A 13-Bit 260MS/s Power-Efficient Pipeline ADC Using a Current-Reuse Technique and Interstage Gain and Nonlinearity Errors Calibration

A pipeline analog-to-digital converter (ADC) with high power efficiency is implemented in this paper. The ADC architecture consists of 3.5b, 3.5b, 3.5b, and 4b sub-ADCs. For the first three stages, a current-reuse technique is employed in the current mode multiplying digital-to-analog converters (MDACs). An operational transconductance amplifier (OTA) converts an input voltage into current; A current-steering DAC reuses the OTA bias current. The OTA and the DAC generate the sub-ADC residue in a current domain. As a result, both power consumption and thermal noise for the MDAC are reduced.
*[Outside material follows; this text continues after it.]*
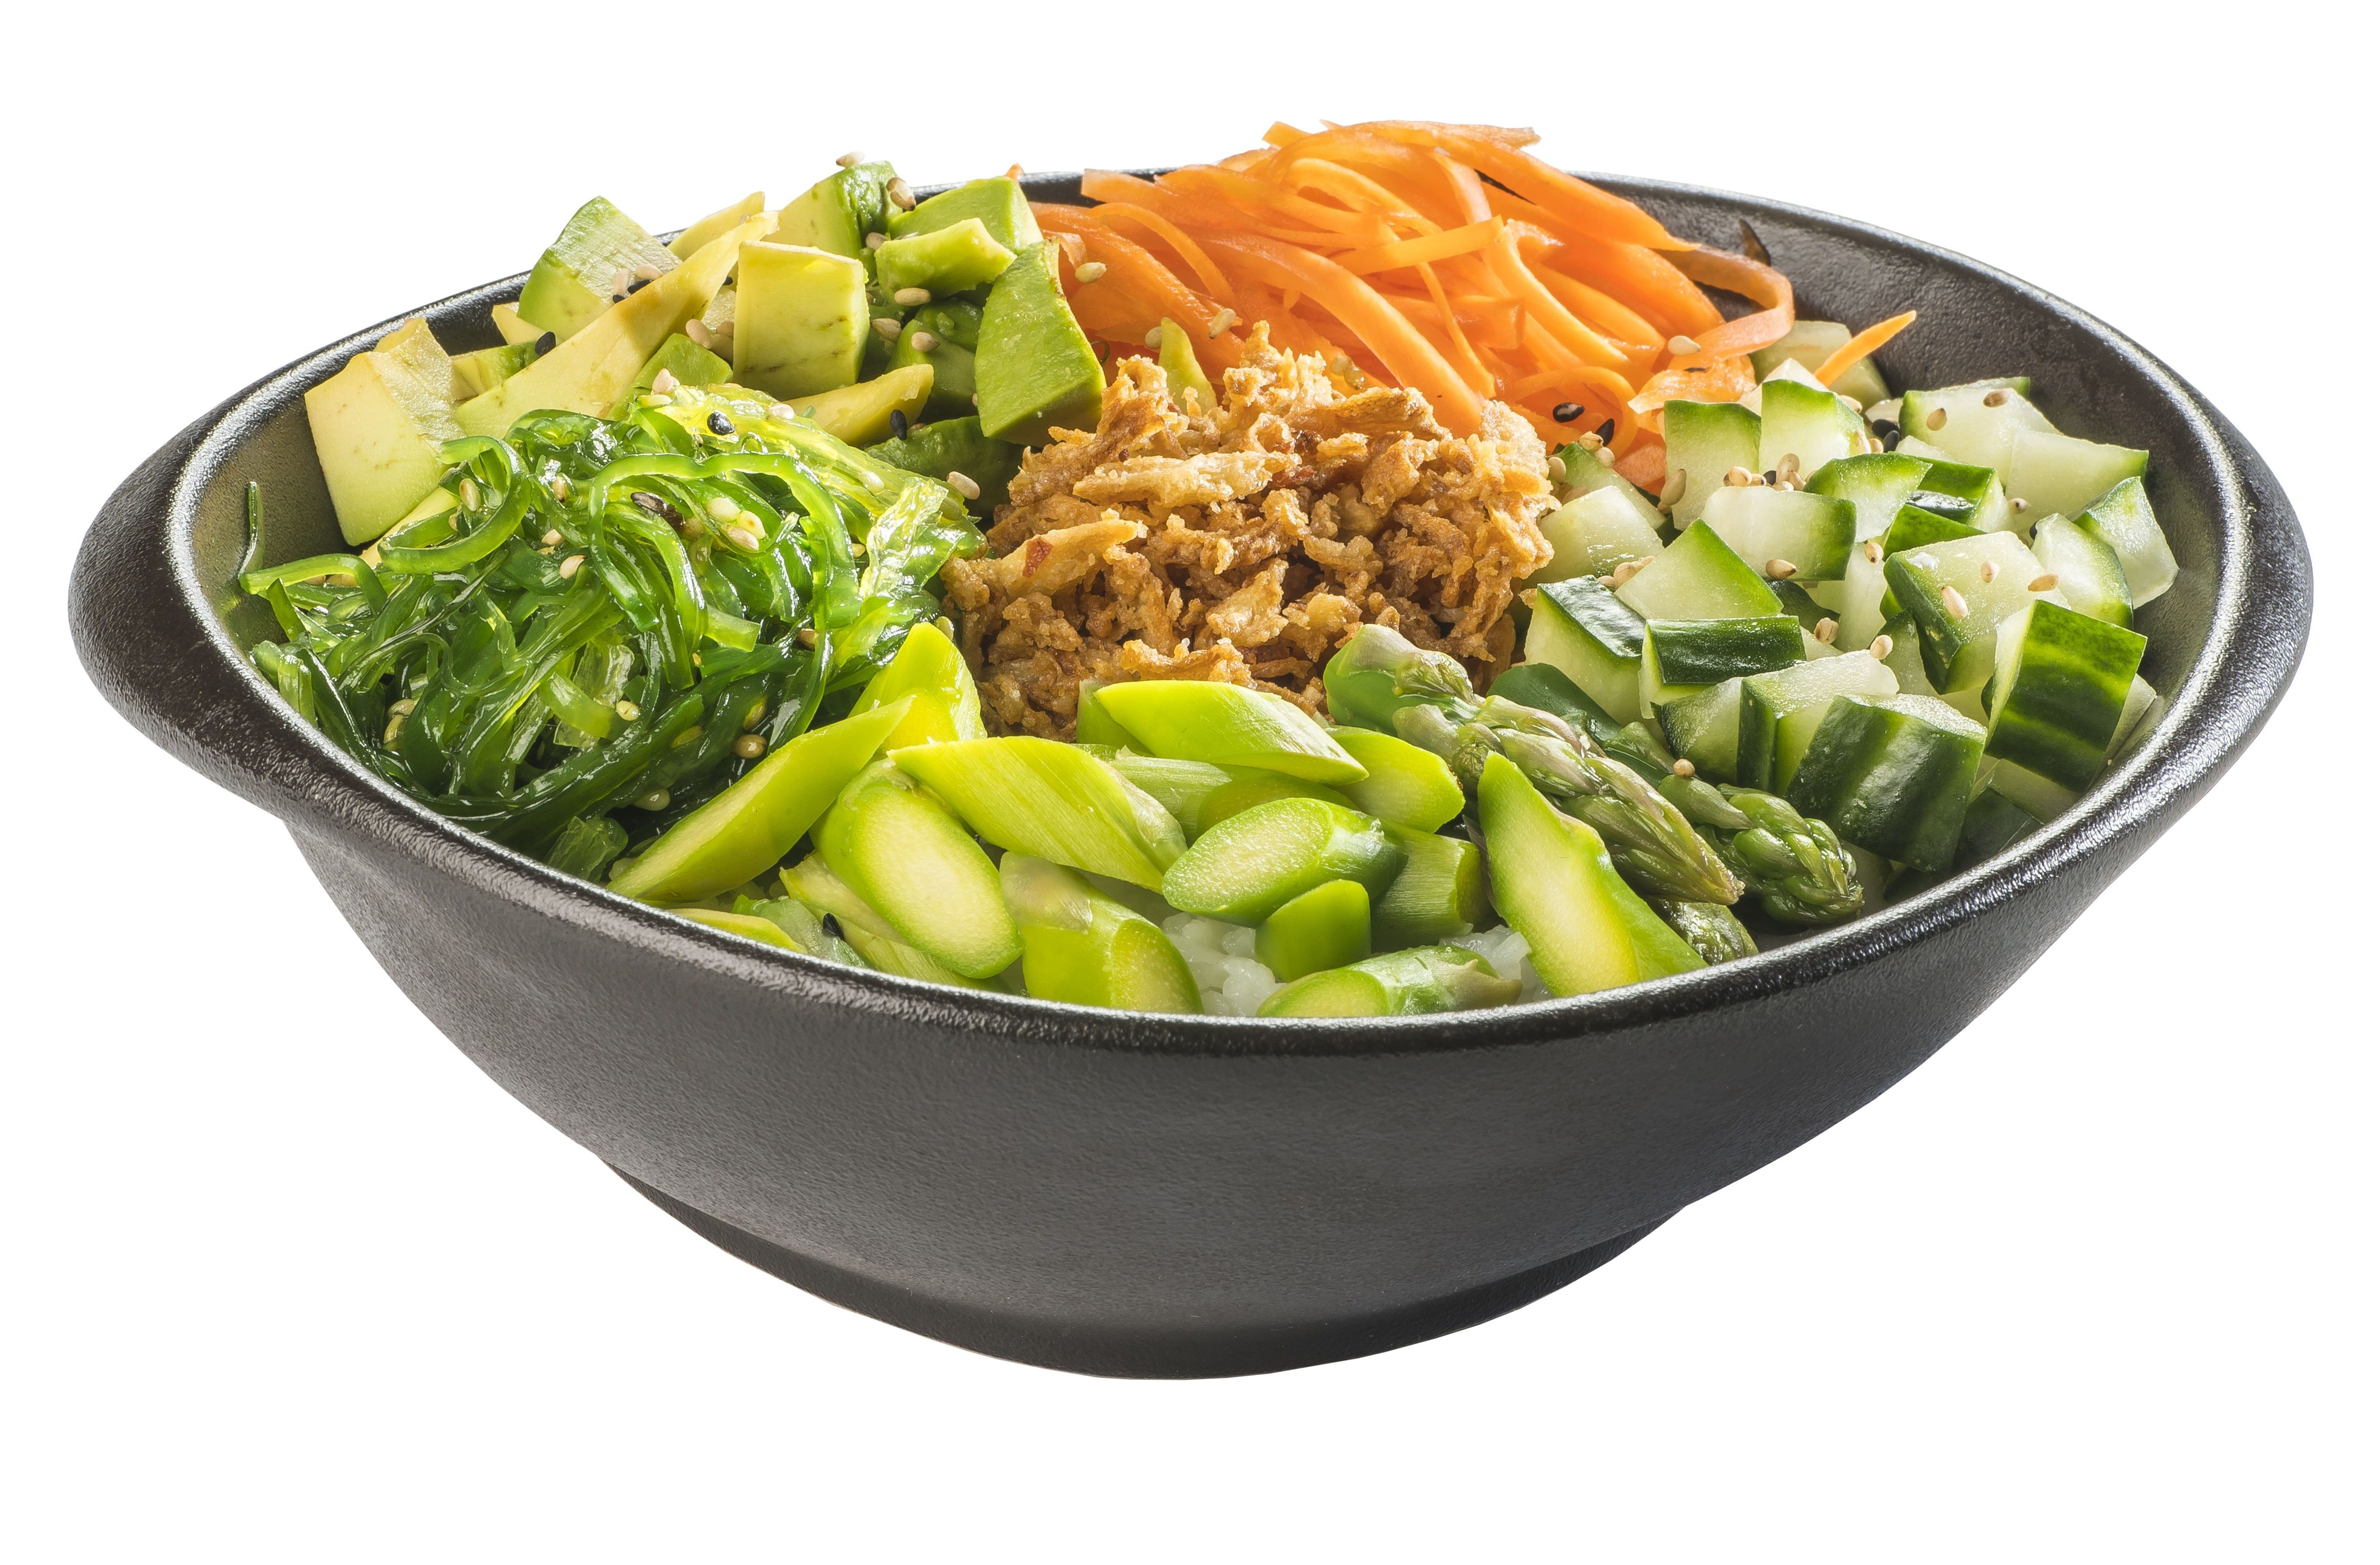 Poke vegetal  6,80€: Carta de Restaurante Sowu
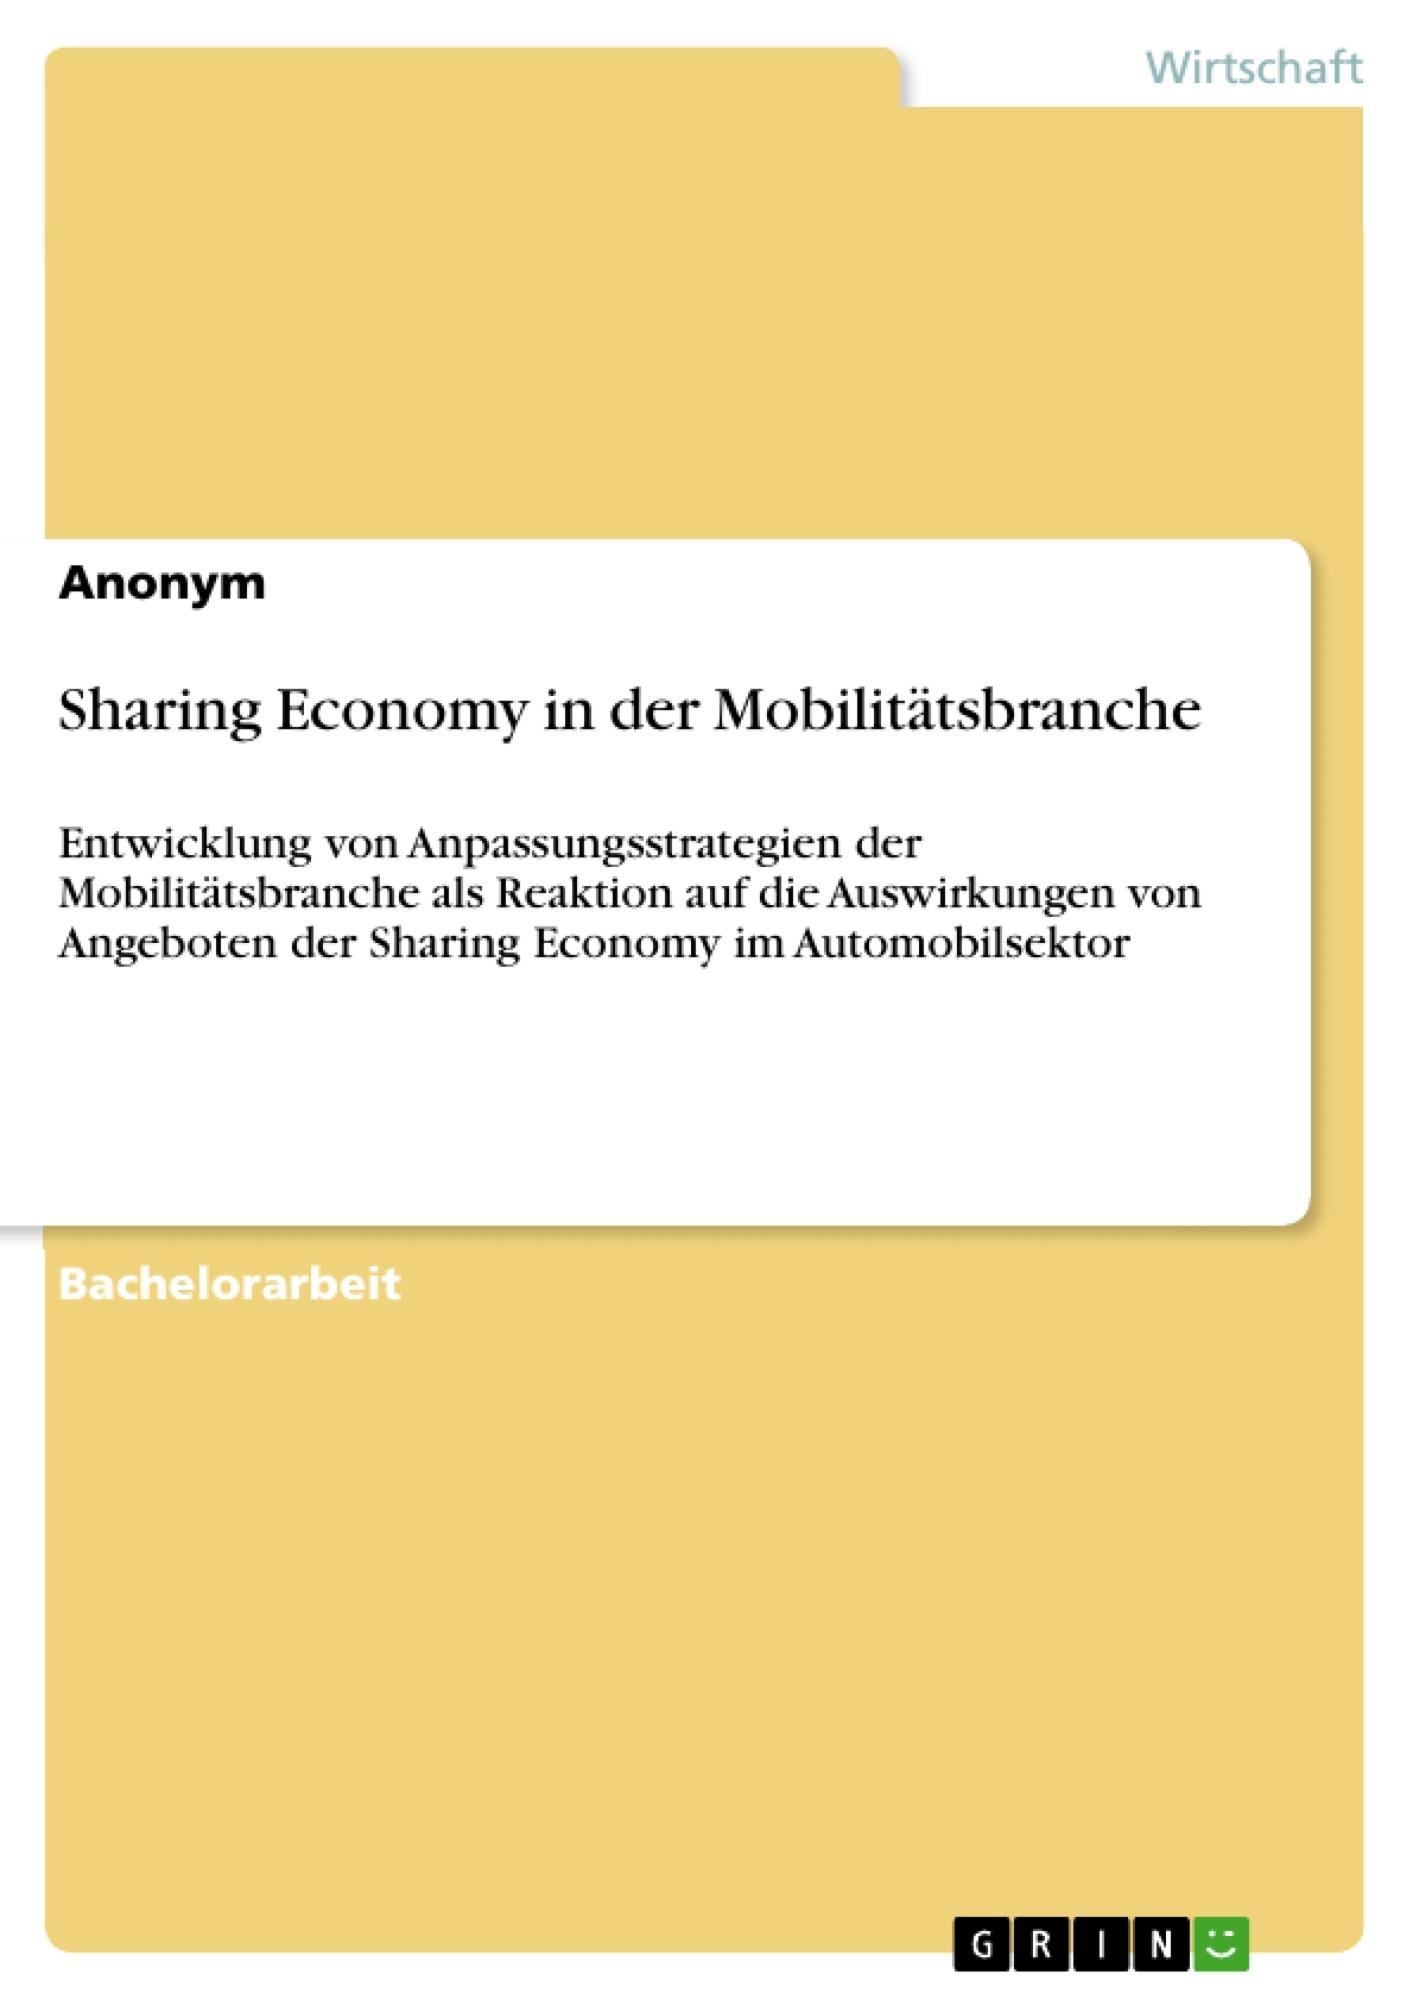 Titel: Sharing Economy in der Mobilitätsbranche

A transimpedance amplifier (TIA) with a feedback resistor is utilized to convert the current signal to a voltage residue signal for the next stage. An off-chip calibration scheme is used to correct interstage gain and nonlinearity errors. The fabricated ADC achieves 68.1 dB signal-to-noise-and-distortion ratio (SNDR) and 82.3 dB spurious free dynamic range (SFDR) for a sinusoidal input at 4.17 MHz. The ADC operates at a maximum sampling frequency of 260 MHz. With an input signal at 123.129 MHz, the measured SNDR/SFDR are 66.3/78.22 dB, respectively. The total power consumption for the ADC running at maximum speed is 15.38 mW. Thus, the pipeline ADC achieves a 167.4 dB figure-of-merit (FoM). The chip was manufactured in a TSMC 40-nm CMOS process.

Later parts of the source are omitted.